# [Data extract]
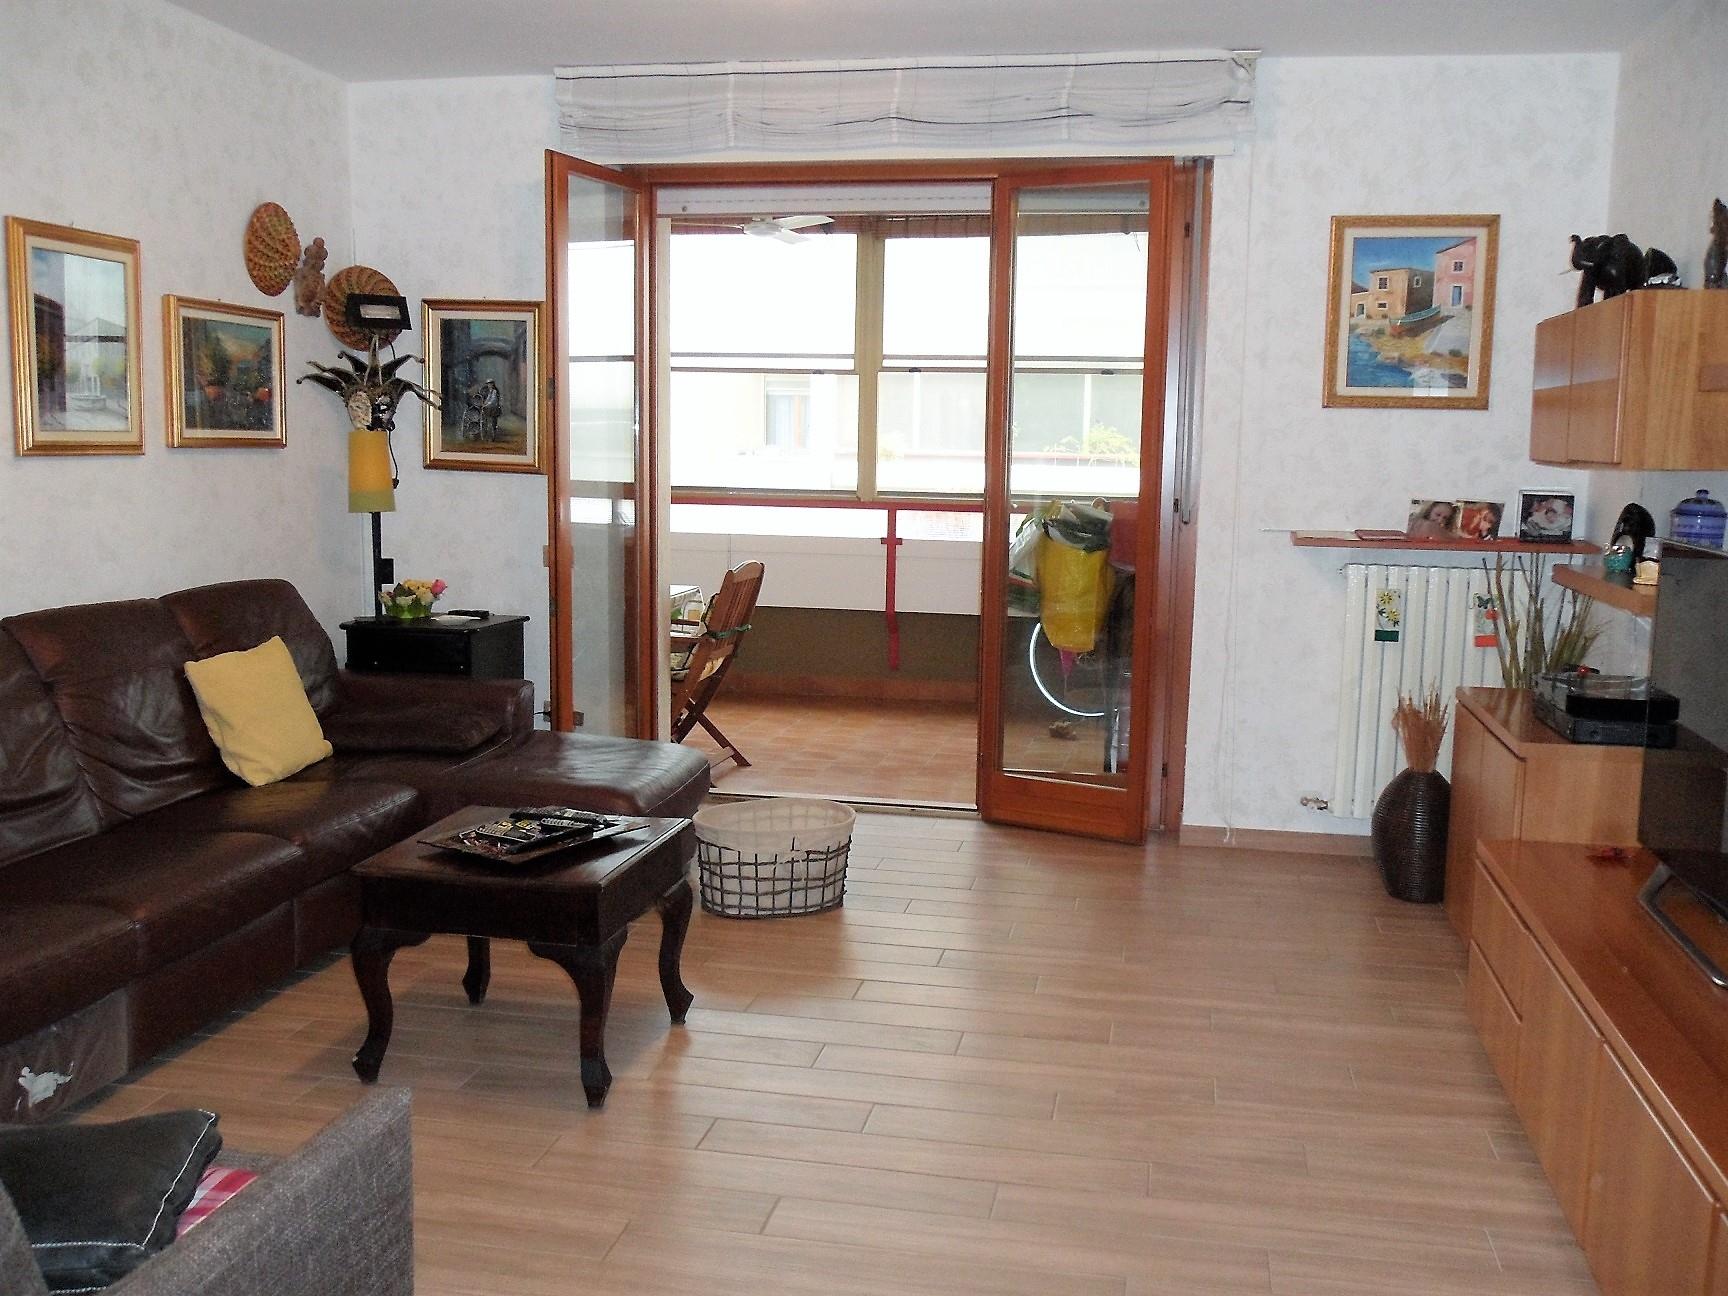 Pieve Emanuele | Appartamento in Vendita in via delle rose | lacasadimilano.it
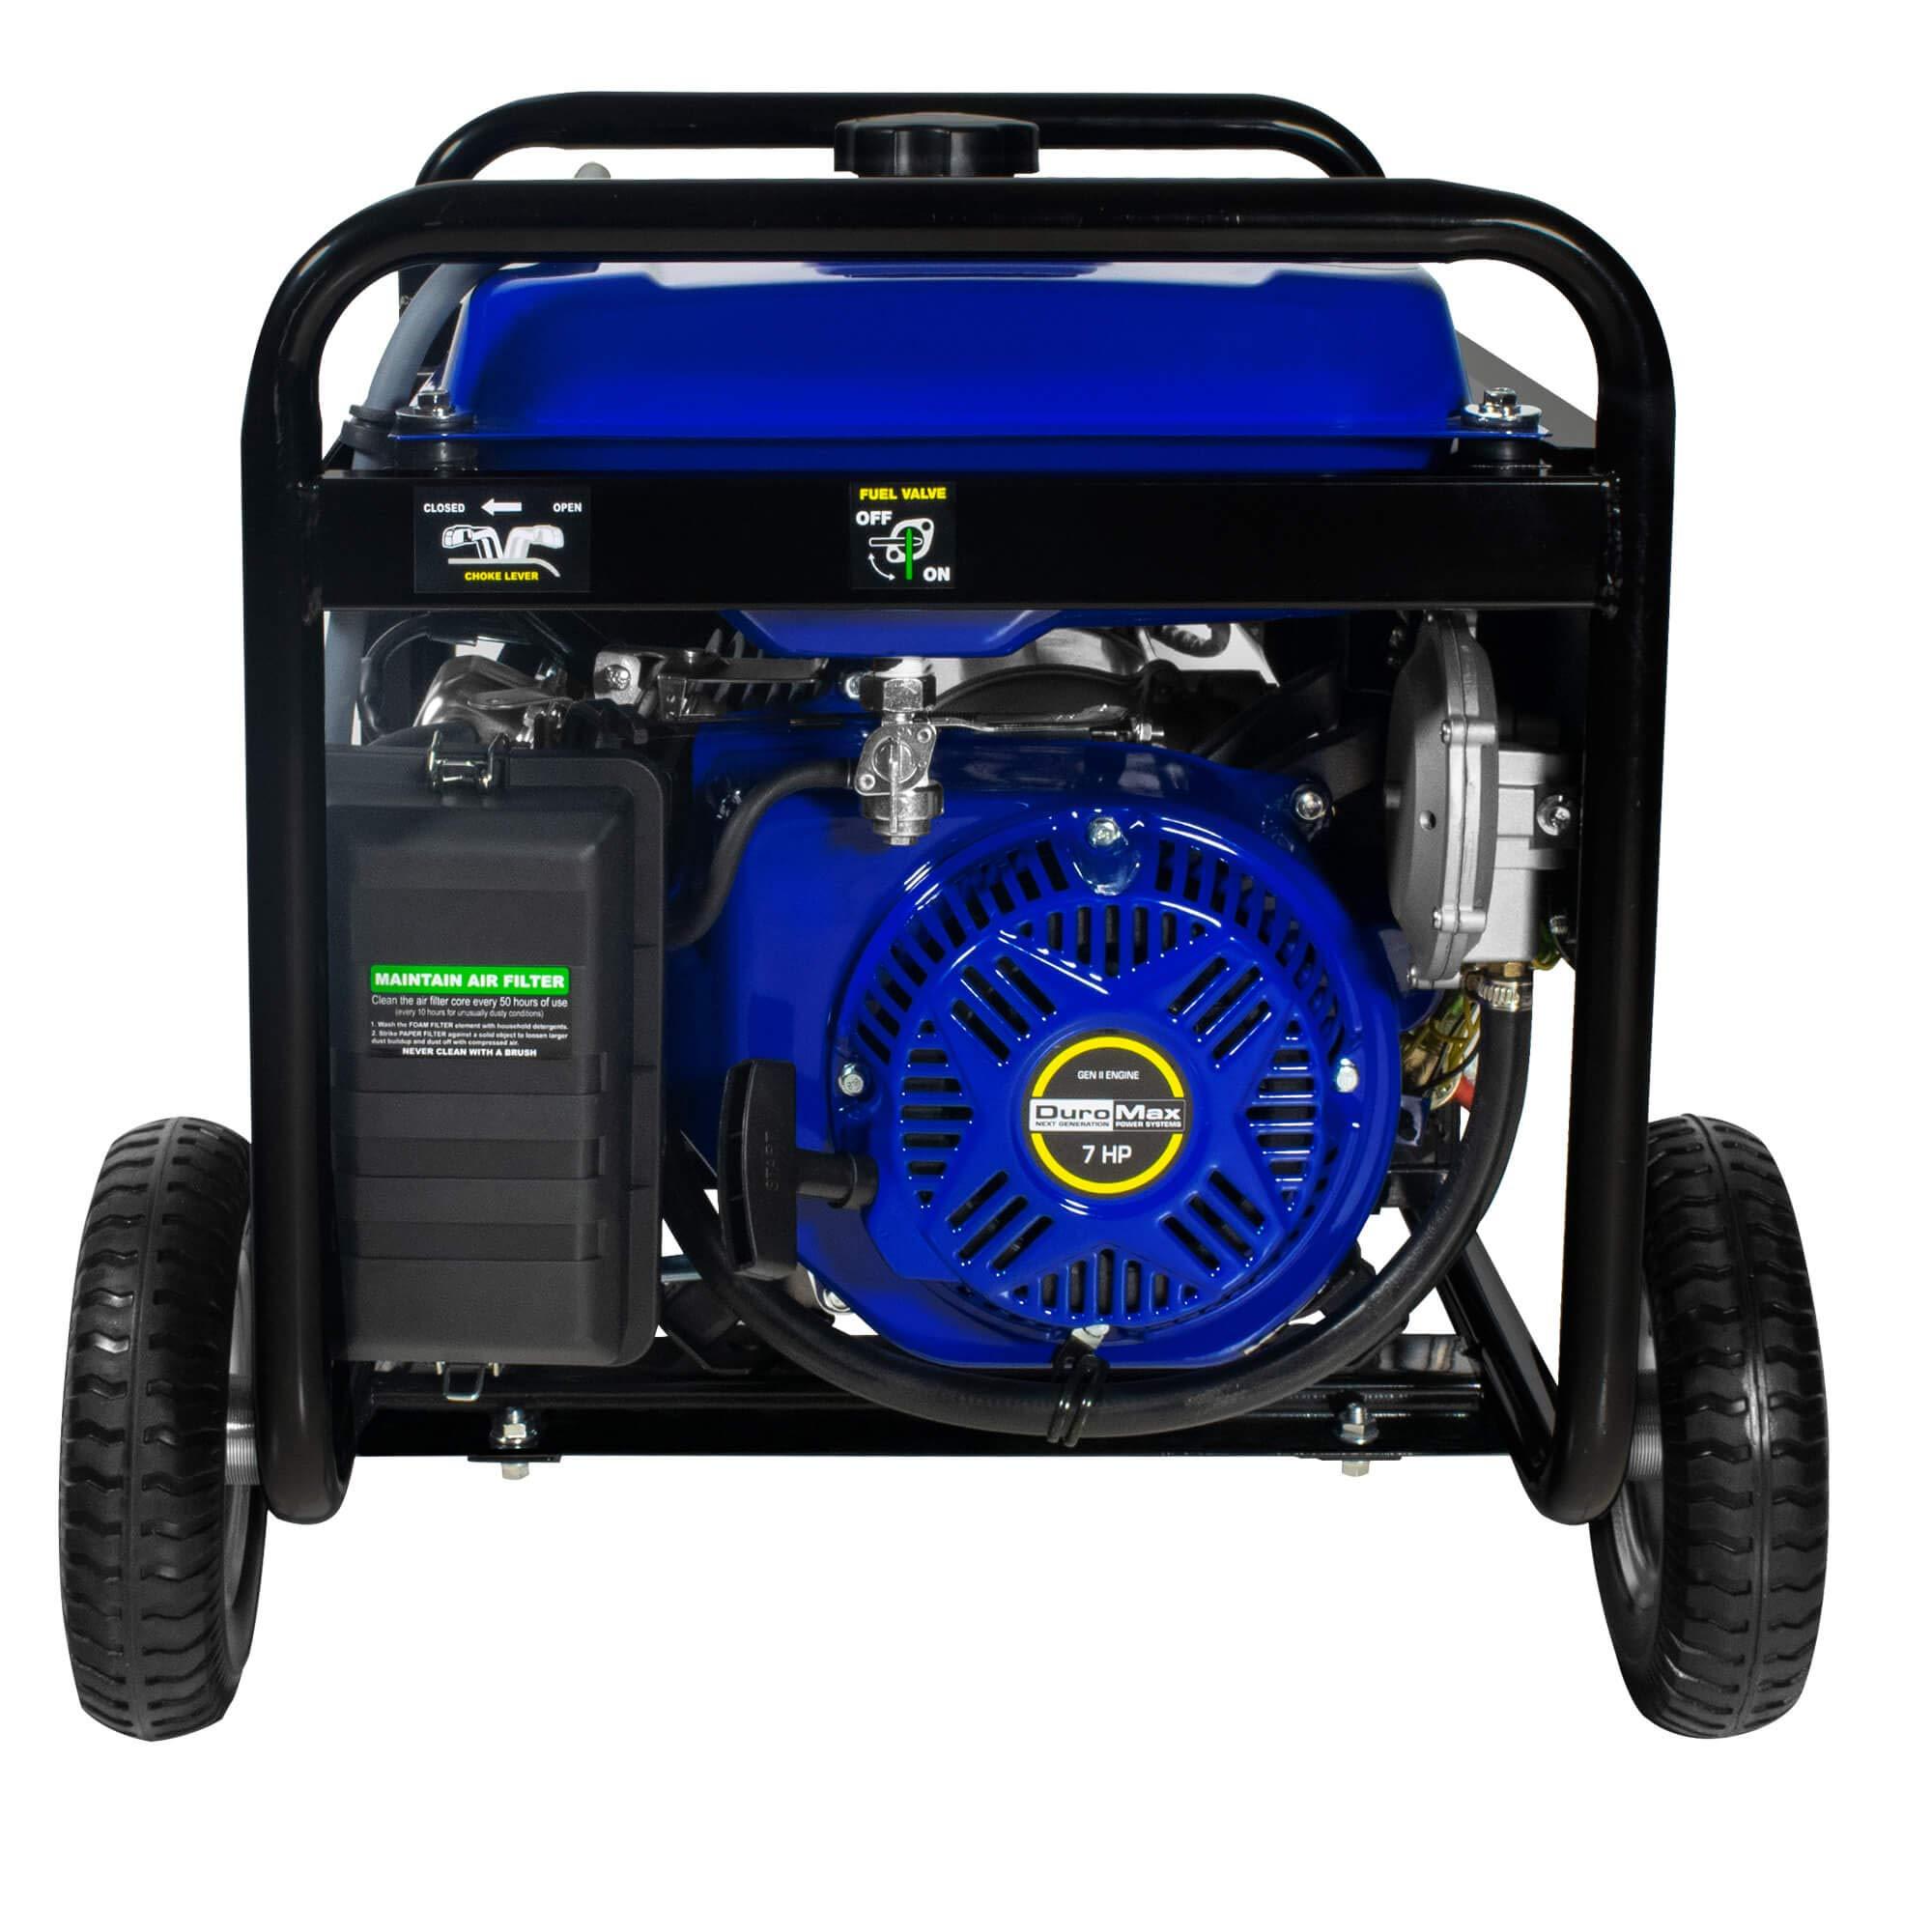 DuroMax Hybrid Dual Fuel XP4400EH 4,400-Watt Portable Generator by DuroMax (Image #6)
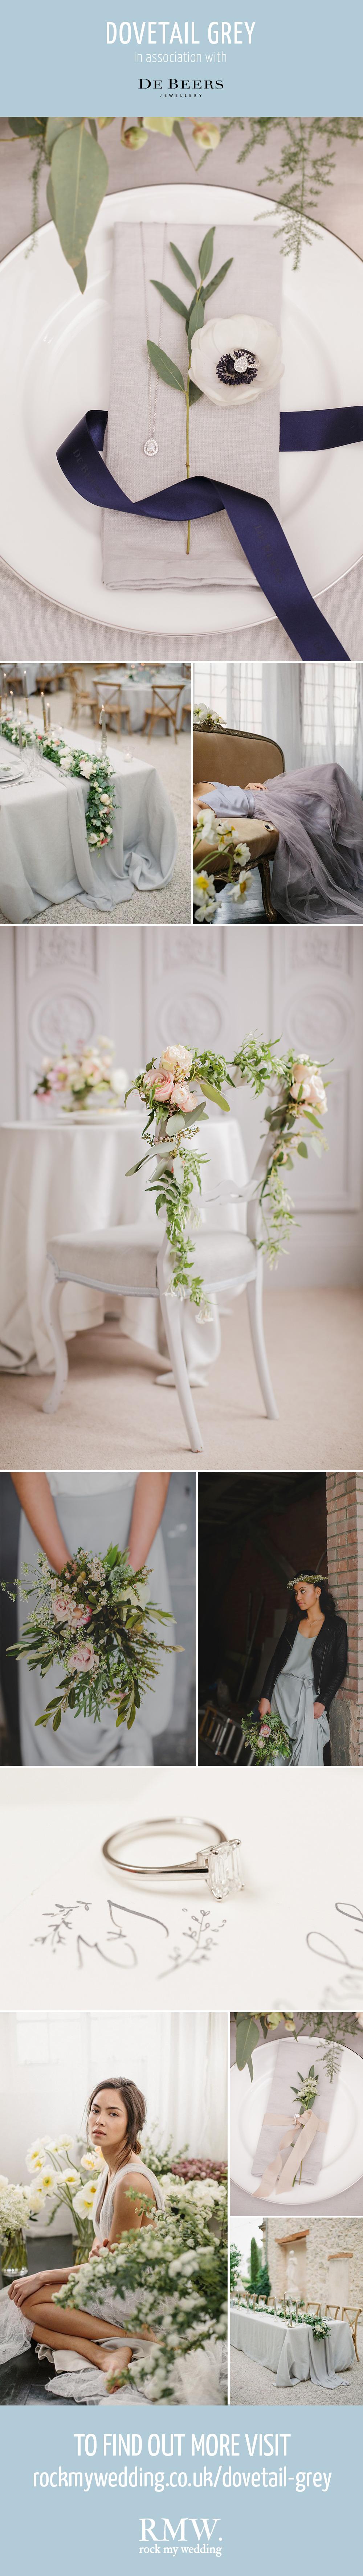 Dovetail Grey Wedding Inspiration
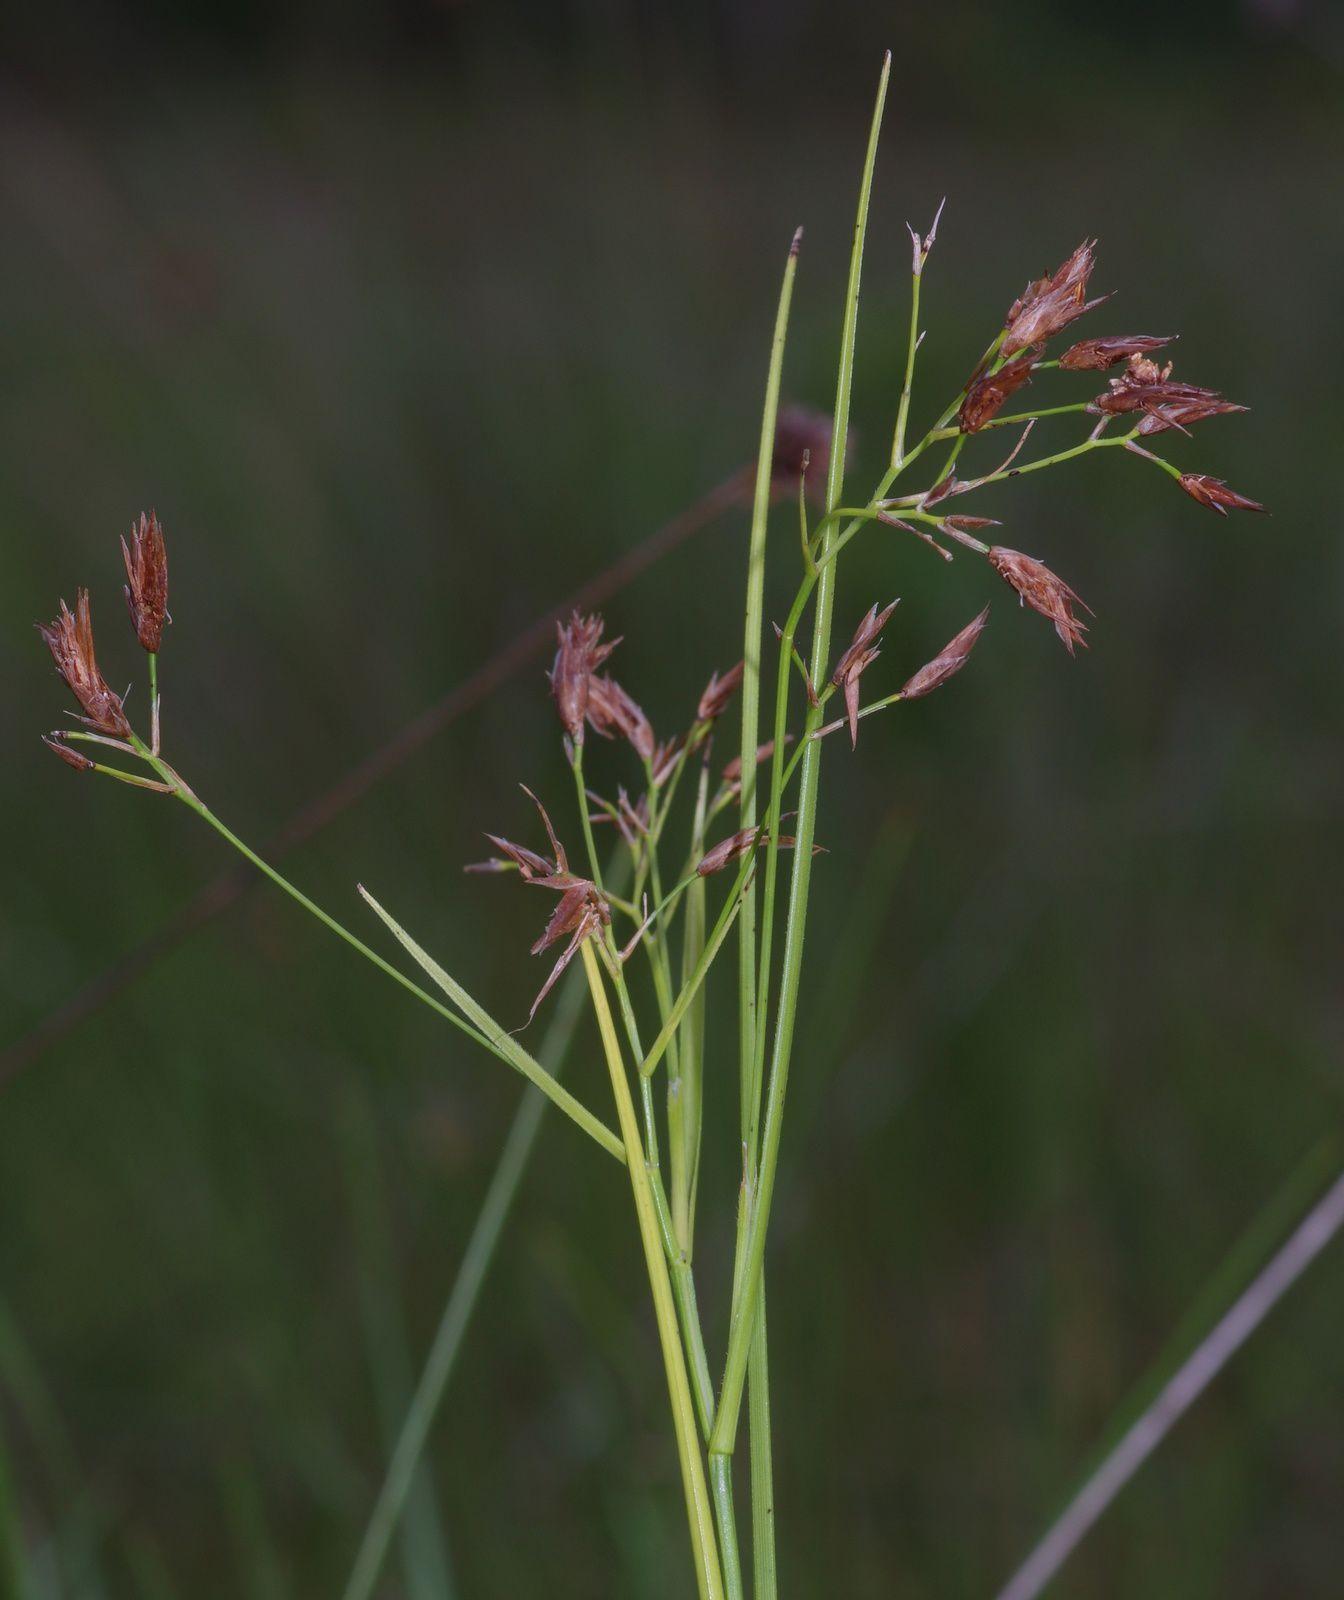 Rhynchospora cajennensis

# [Required work]
Leaving the pictures out, copy exactly the lines from the line that contains "Dovetail Grey Wedding Inspiration" to the last line of the data, both ends included.

# [Task result]
 Dovetail Grey Wedding Inspiration
 Rhynchospora cajennensis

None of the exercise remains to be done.